Dilution cycle for absorption chiller

Abstract

A routine of controlling the dilution cycle of an absorption chiller to determine when to initiate a dilution cycle, continue the cycle and terminate the cycle. The concentration of solution leaving the chiller's low temperature generator is calculated and the crystallization temperature of the solution is then determined. The crystallization temperature is compared to the ambient temperature and the result is used to determine whether to institute a dilution cycle, continue the cycle or terminate the cycle.

Description

FIELD OF THE INVENTION

This invention relates to absorption refrigeration and, in particular to a dilution cycle for use in an absorption chiller.

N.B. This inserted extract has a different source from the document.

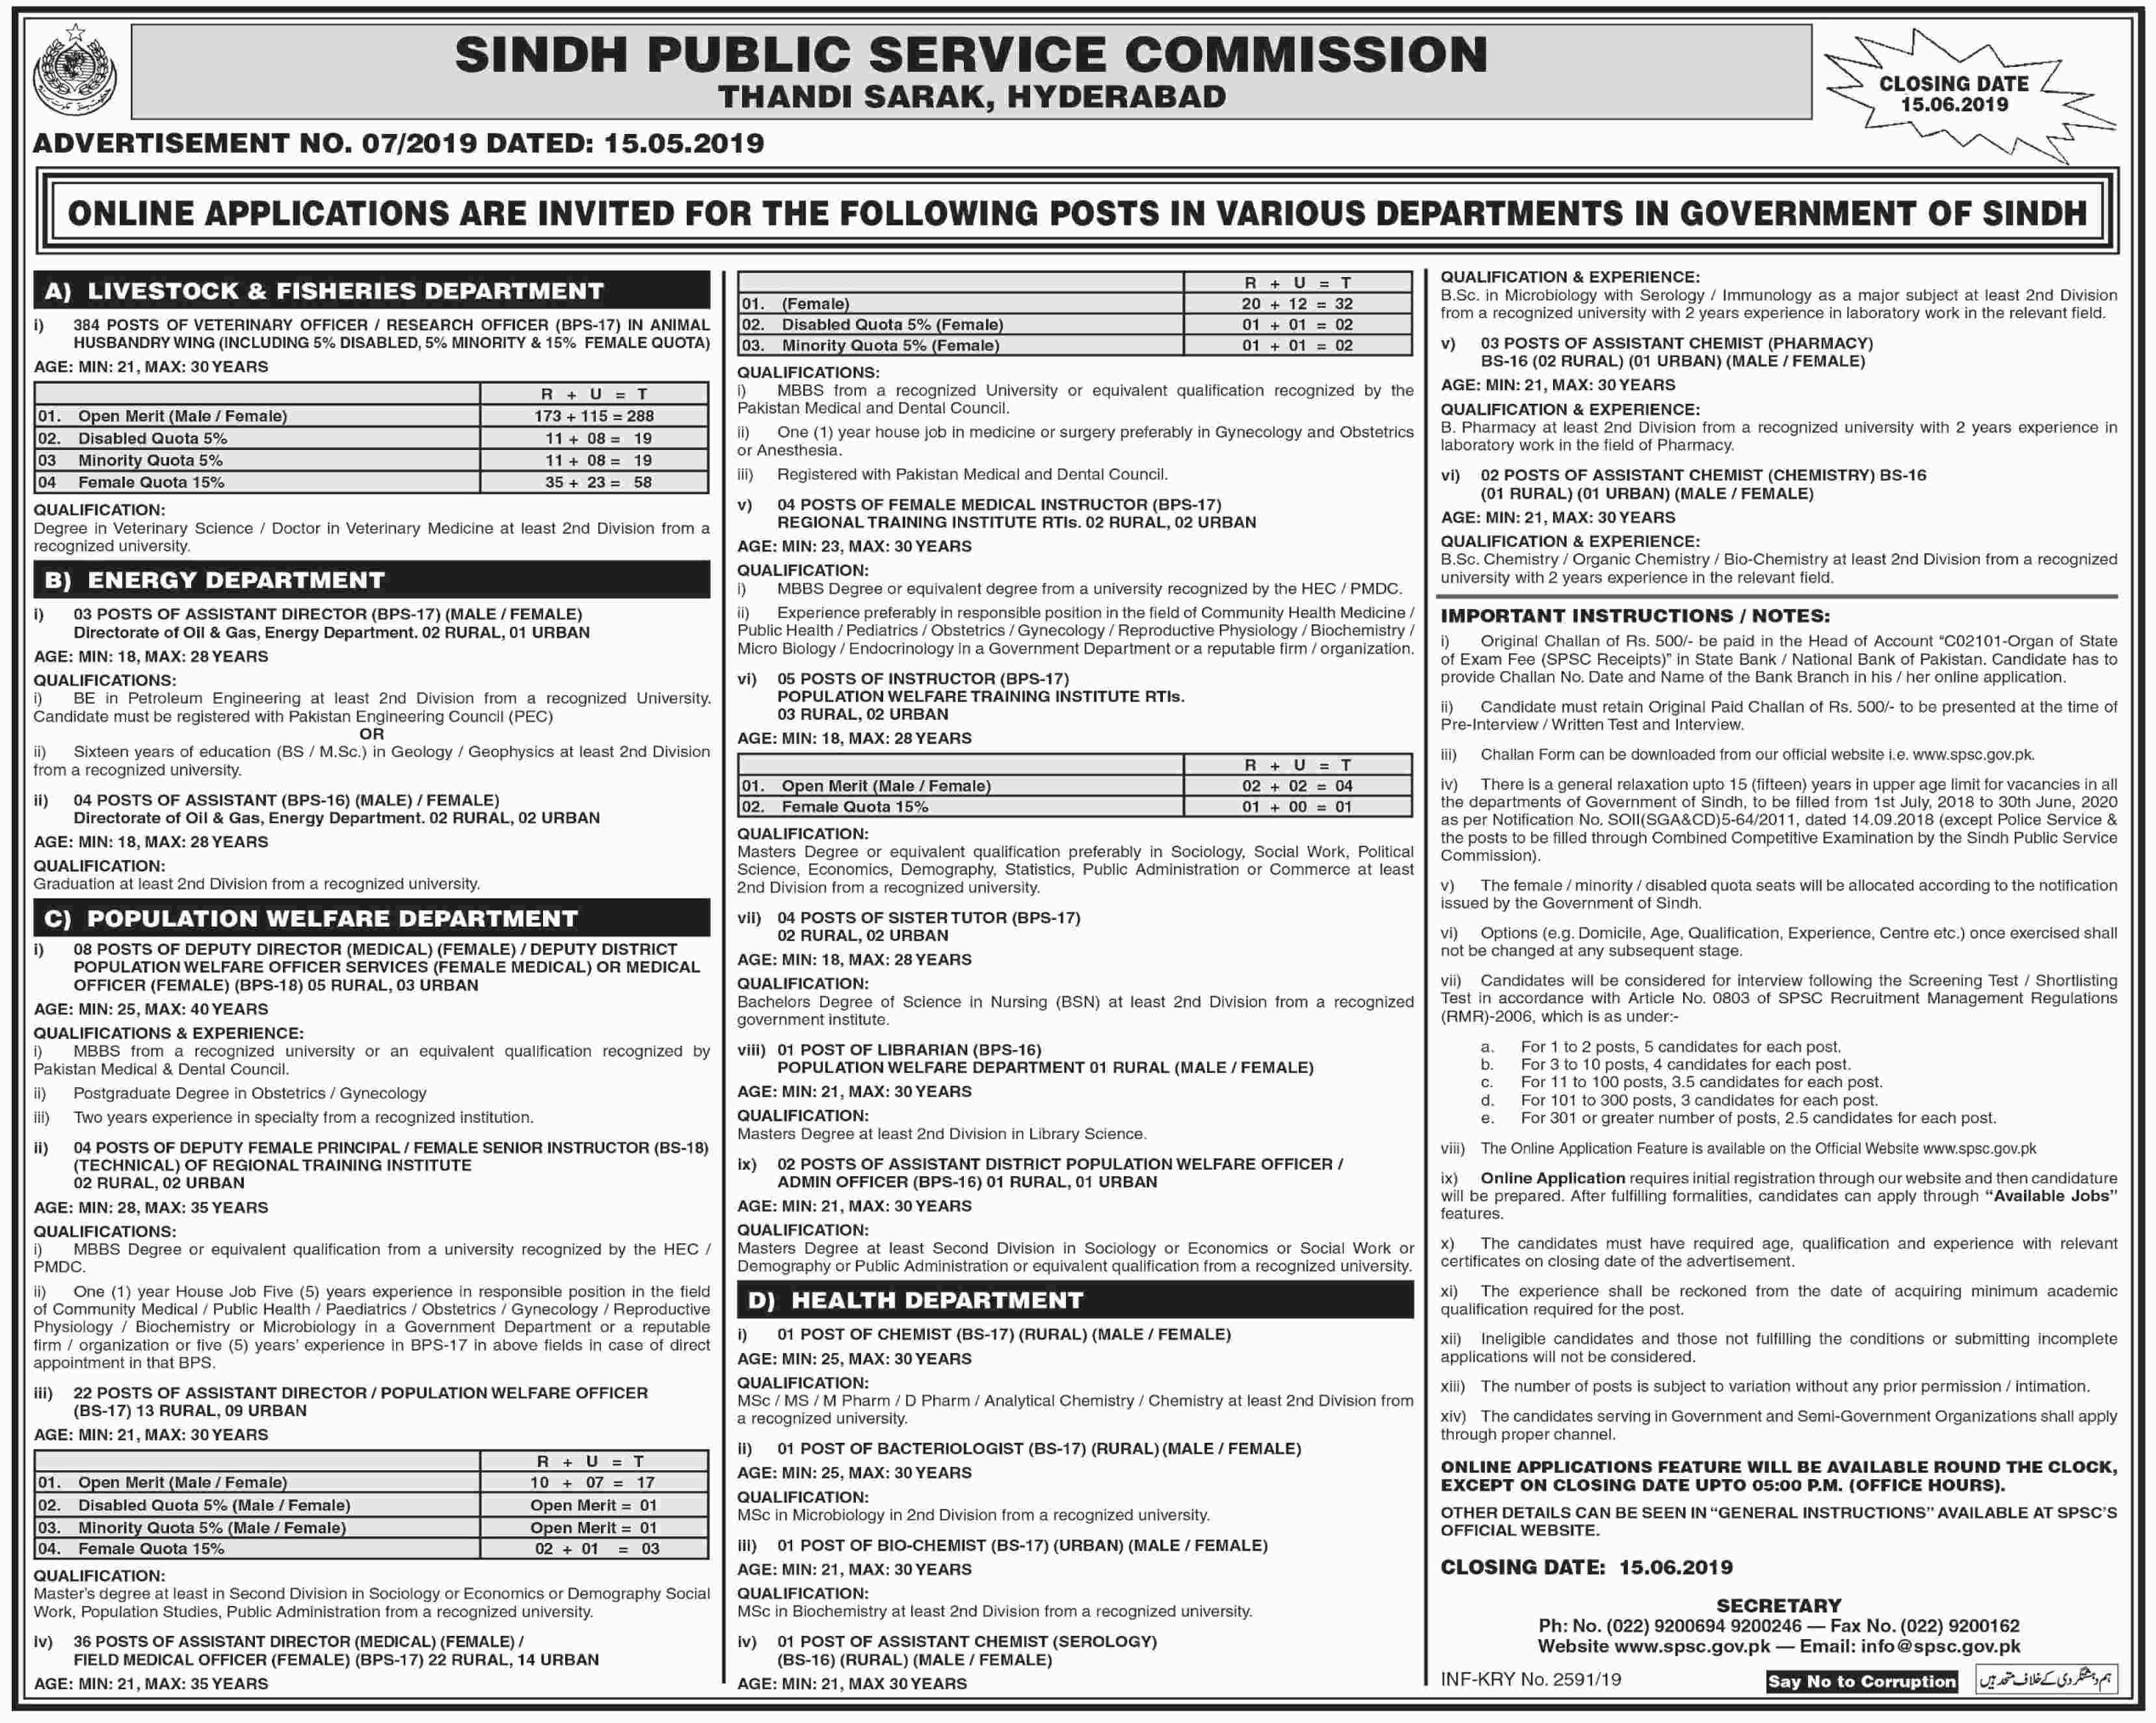 Sindh Public Service Commission (SPSC) jobs 2019

BACKGROUND OF THE INVENTION

Dilution cycles are run in absorption chillers to lower the refrigerant concentration in the absorbent solution so that the solution does not crystallize as the solution temperature approaches the ambient temperature. The lower the solution concentration, the lower the solution temperature can be at shut down without having to be concerned with crystallization. However, the lower the solution concentration at shut down, the longer it will take to reconcentrate the solution to an operating level at start up.

For example, in many chillers in present day use the dilution cycle is accomplished by first shutting down the heater used to raise the temperature in the upper or high temperature stage generator of the machine. The solution and refrigerant pumps as well as the chilled water and condenser water pumps, however, are allowed to continue to run for a given predetermined period time after the heat to the generator is terminated. The preset time interval generally must be relatively long in order to dilute highly concentration solution in the event the machine is operating under full load at the time of shut down. Correspondingly, when the machine is shut down when operating under a partial load, the preset time period allows the solution to become overly diluted thus requiring a relatively long time to reconstitute the solution at start up. As can be seen, the use of a predetermined dilution time cycle can cause the machine to run longer than necessary at shut down or can extend the time necessary to reconcentrate the solution when the chiller is restarted. In either case, this type of dilution cycle can cause a good deal of energy to be wasted during both shut down and start up.

SUMMARY OF THE INVENTION

It is a primary object of the present invention to improve dilution cycles used in absorption chillers.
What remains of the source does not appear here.